● Supplied material:
#####

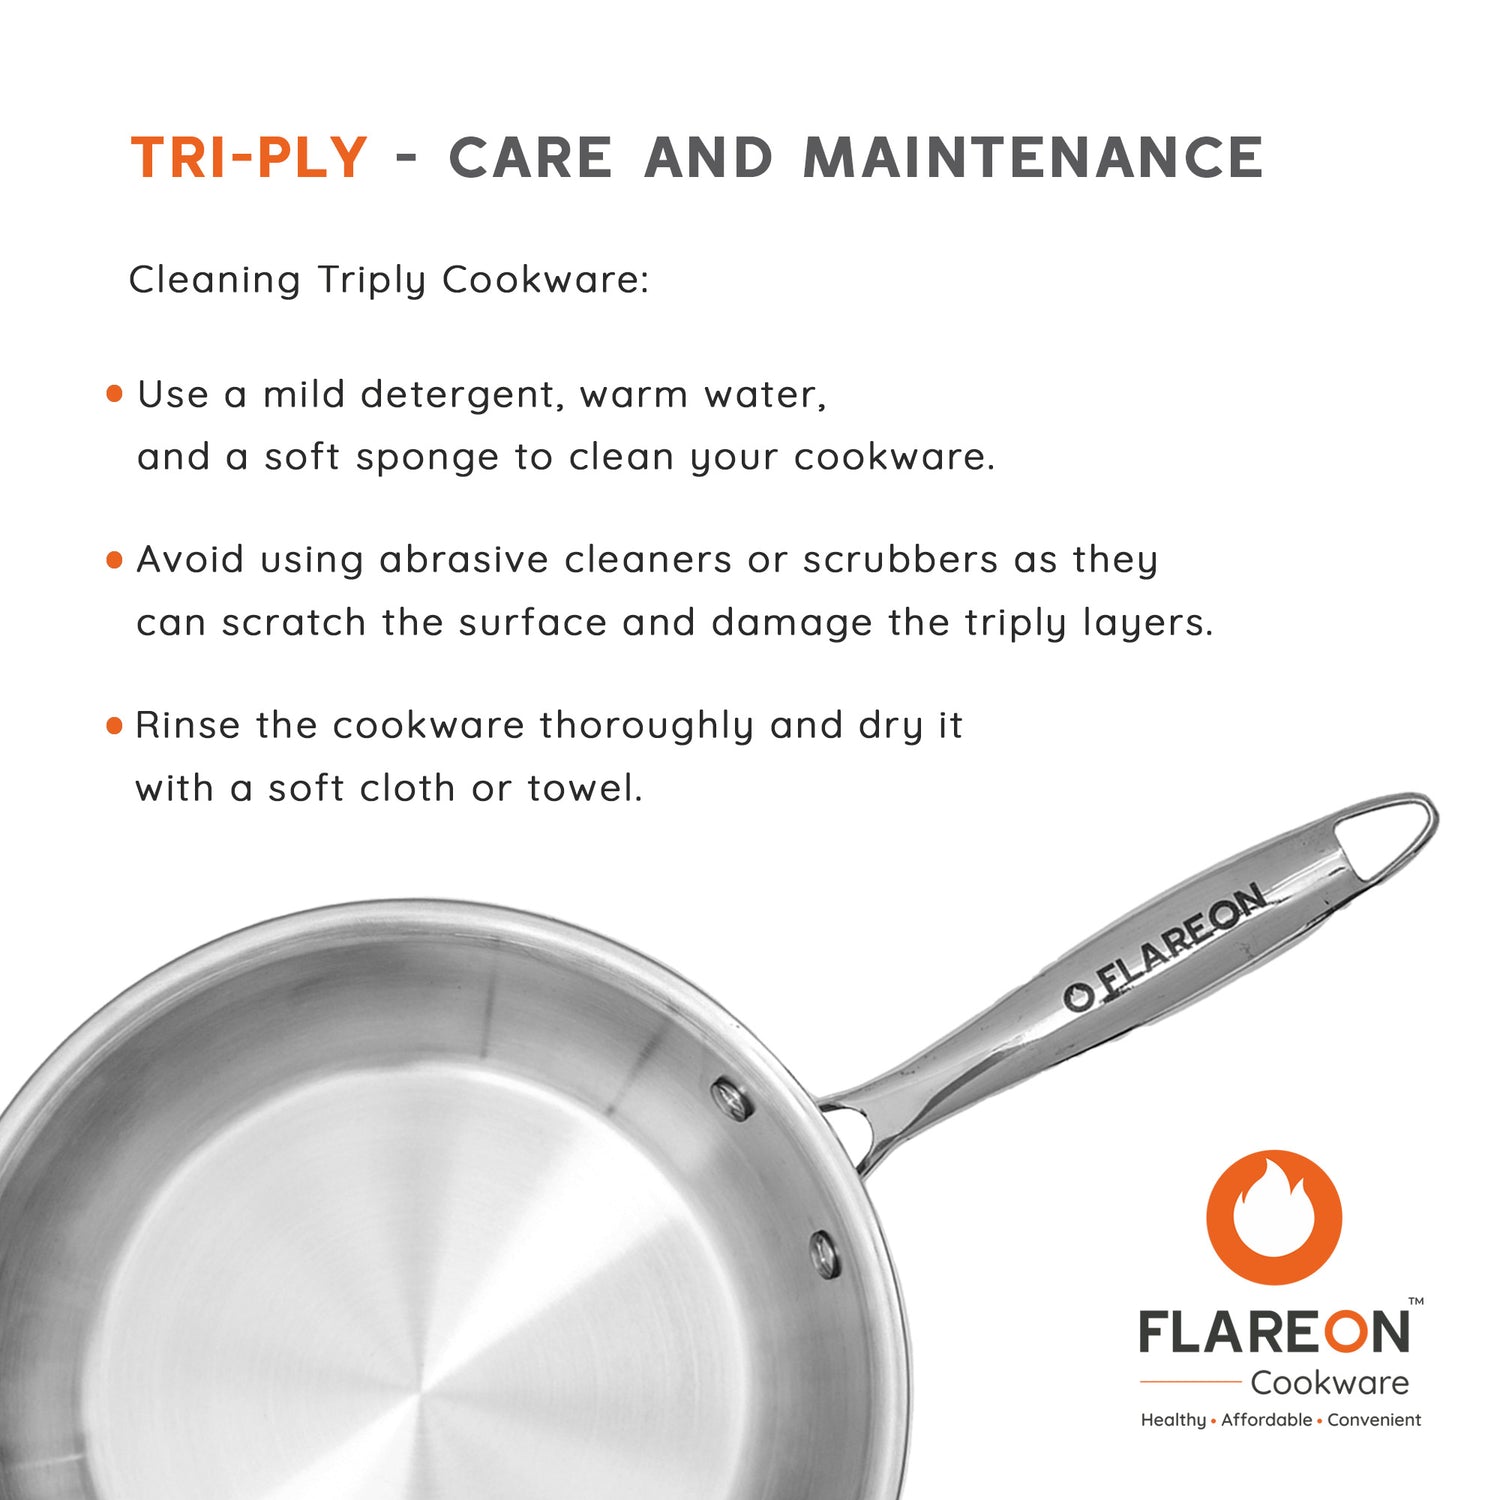 FlareOn's TriPly SS Fry Pan 22 Cm- Care & Maintenance
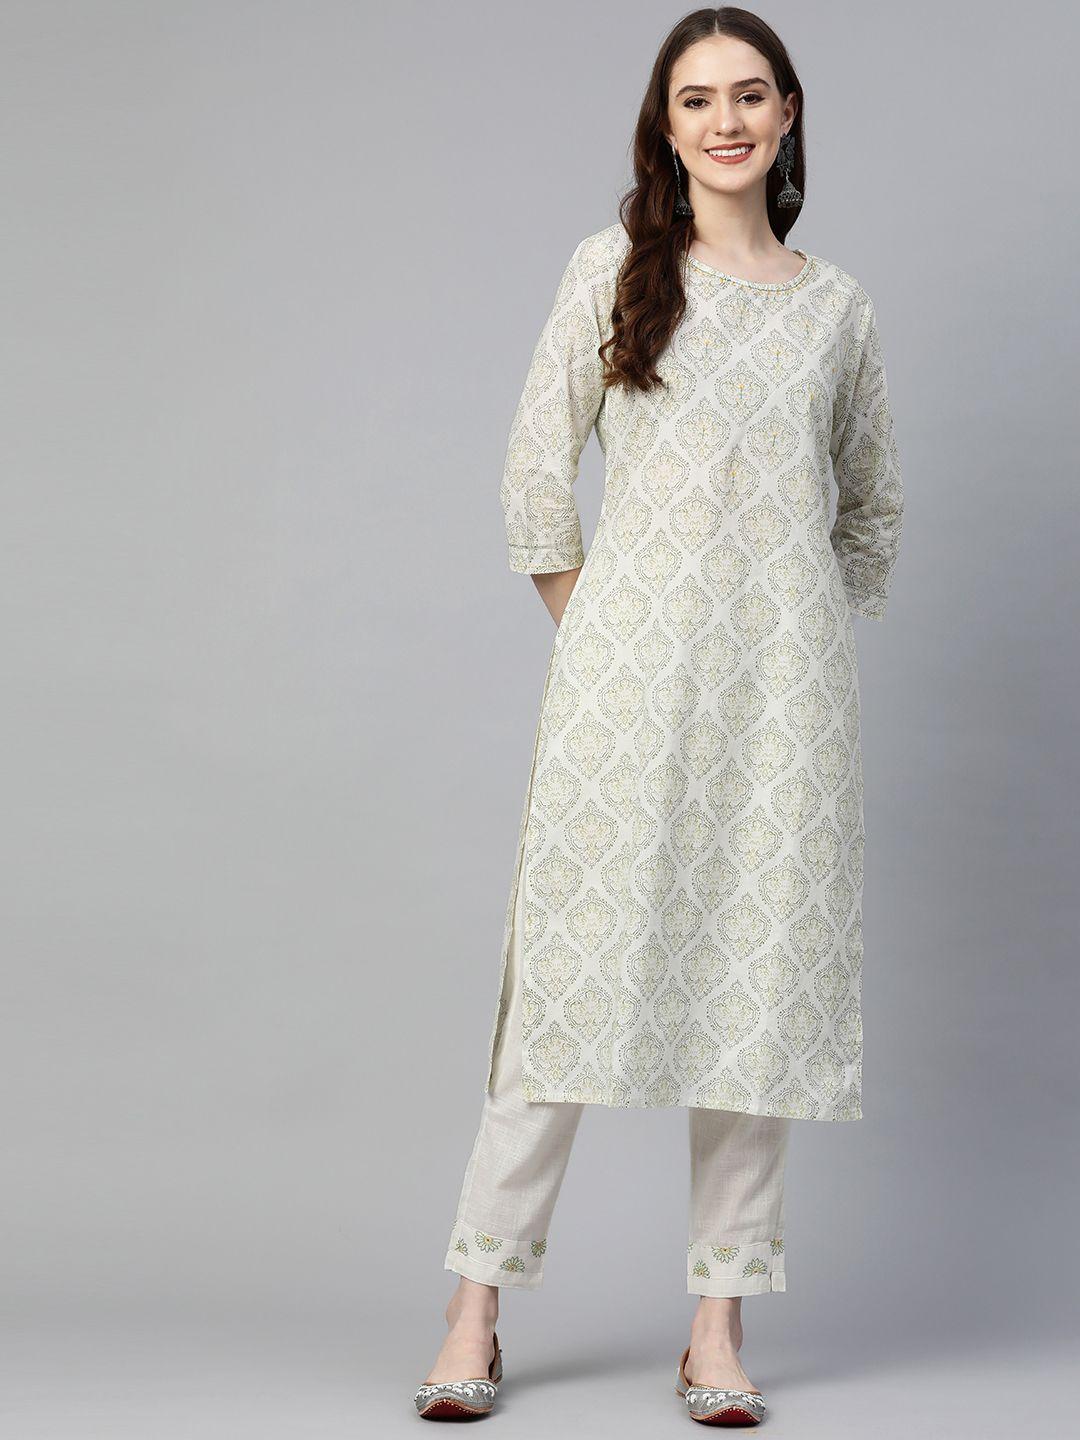 readiprint fashions women off white ethnic motifs printed thread work pure cotton kurta with trousers
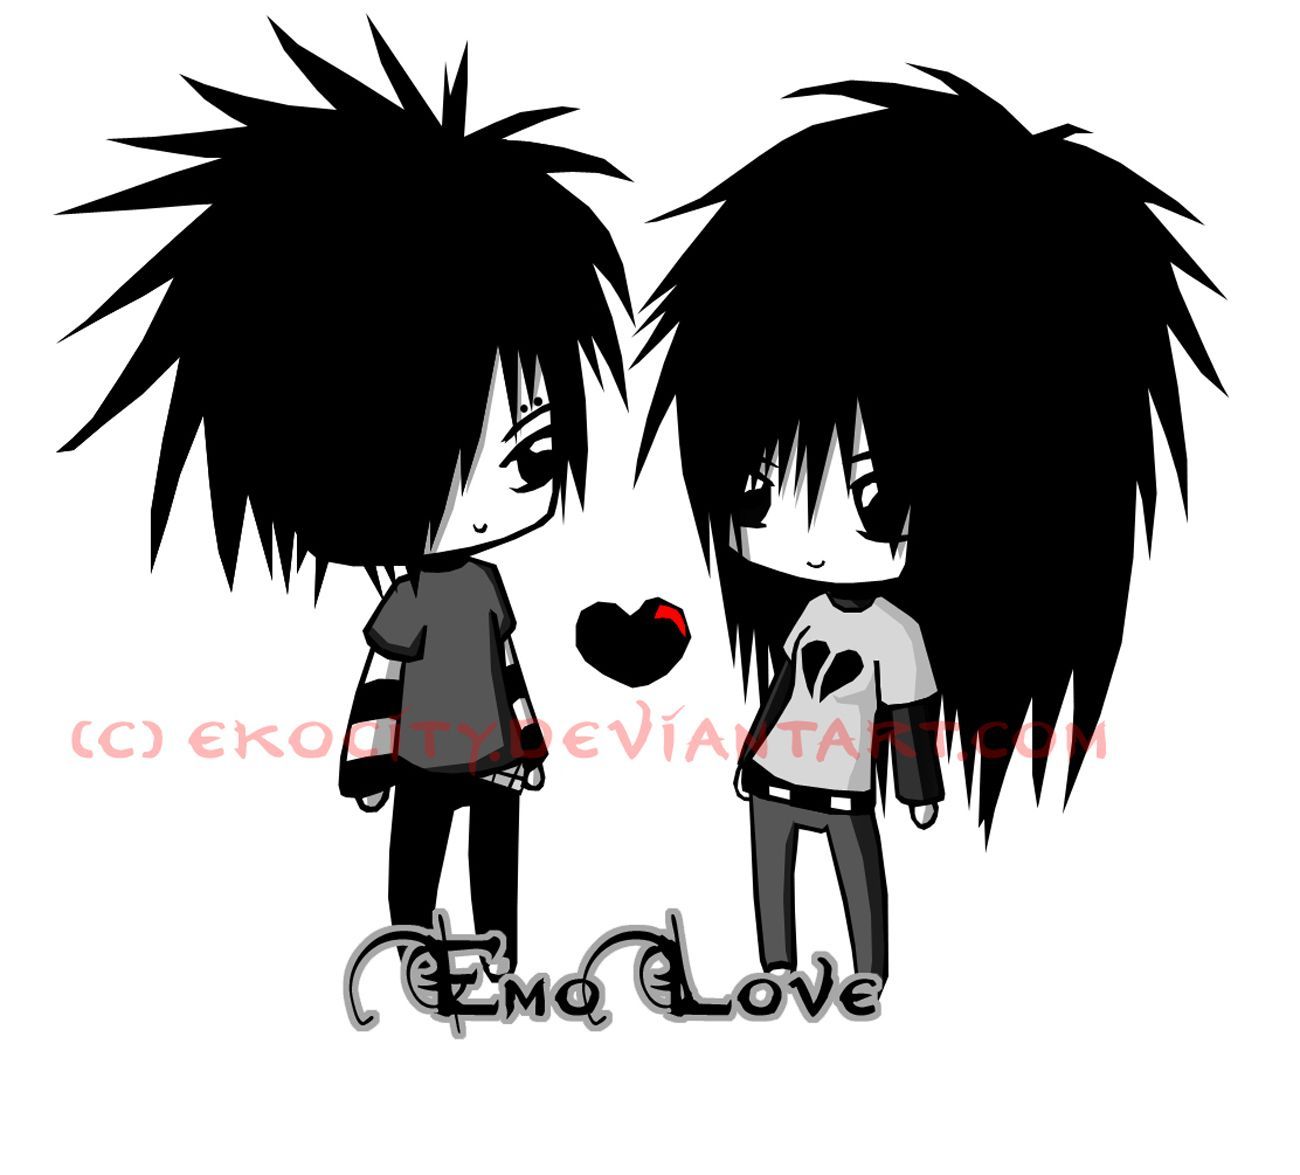 Download Free Wallpaper: Emo love. Emo love, Emo wallpaper, Emo art
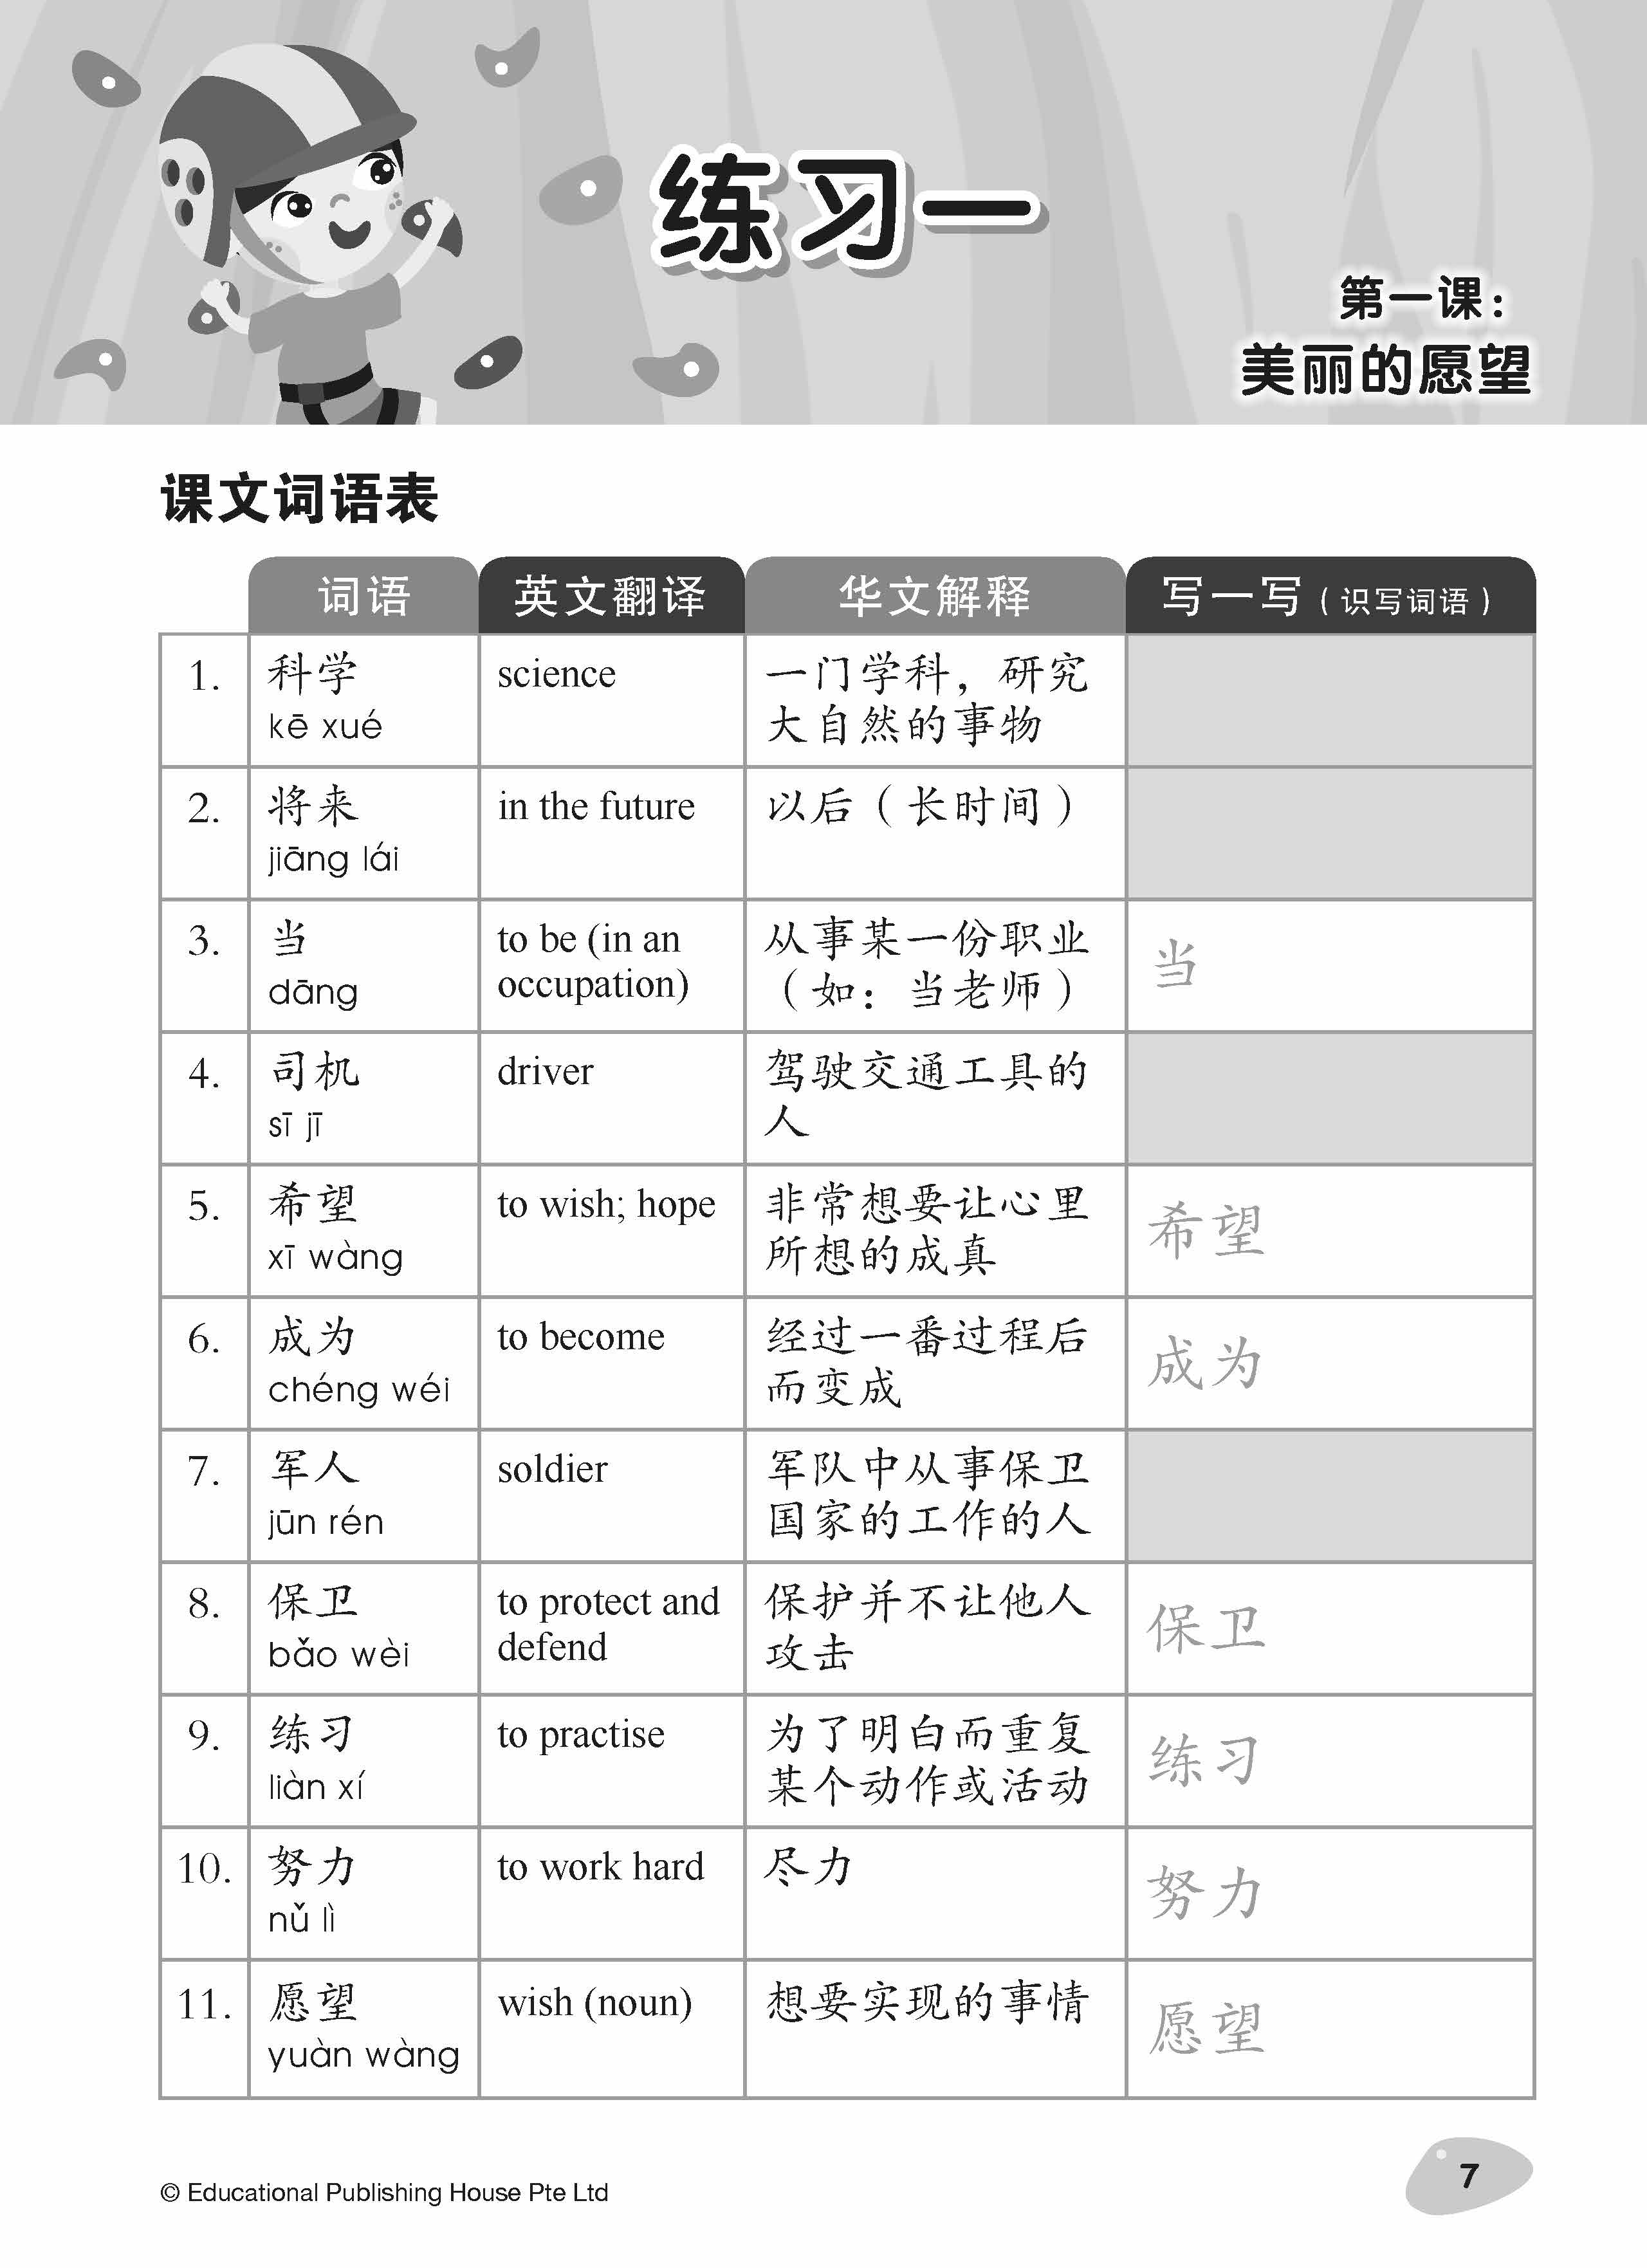 Primary 3 Tackling Higher Chinese Language Usage 专攻高级华文语文应用

#####

● Exercise: Every line above should be transcribed word for word; leave the pictures out.

● Solution:
 FlareOn's TriPly SS Fry Pan 22 Cm- Care & Maintenance
 readiprint fashions women off white ethnic motifs printed thread work pure cotton kurta with trousers
 Download Free Wallpaper: Emo love. Emo love, Emo wallpaper, Emo art
 Primary 3 Tackling Higher Chinese Language Usage 专攻高级华文语文应用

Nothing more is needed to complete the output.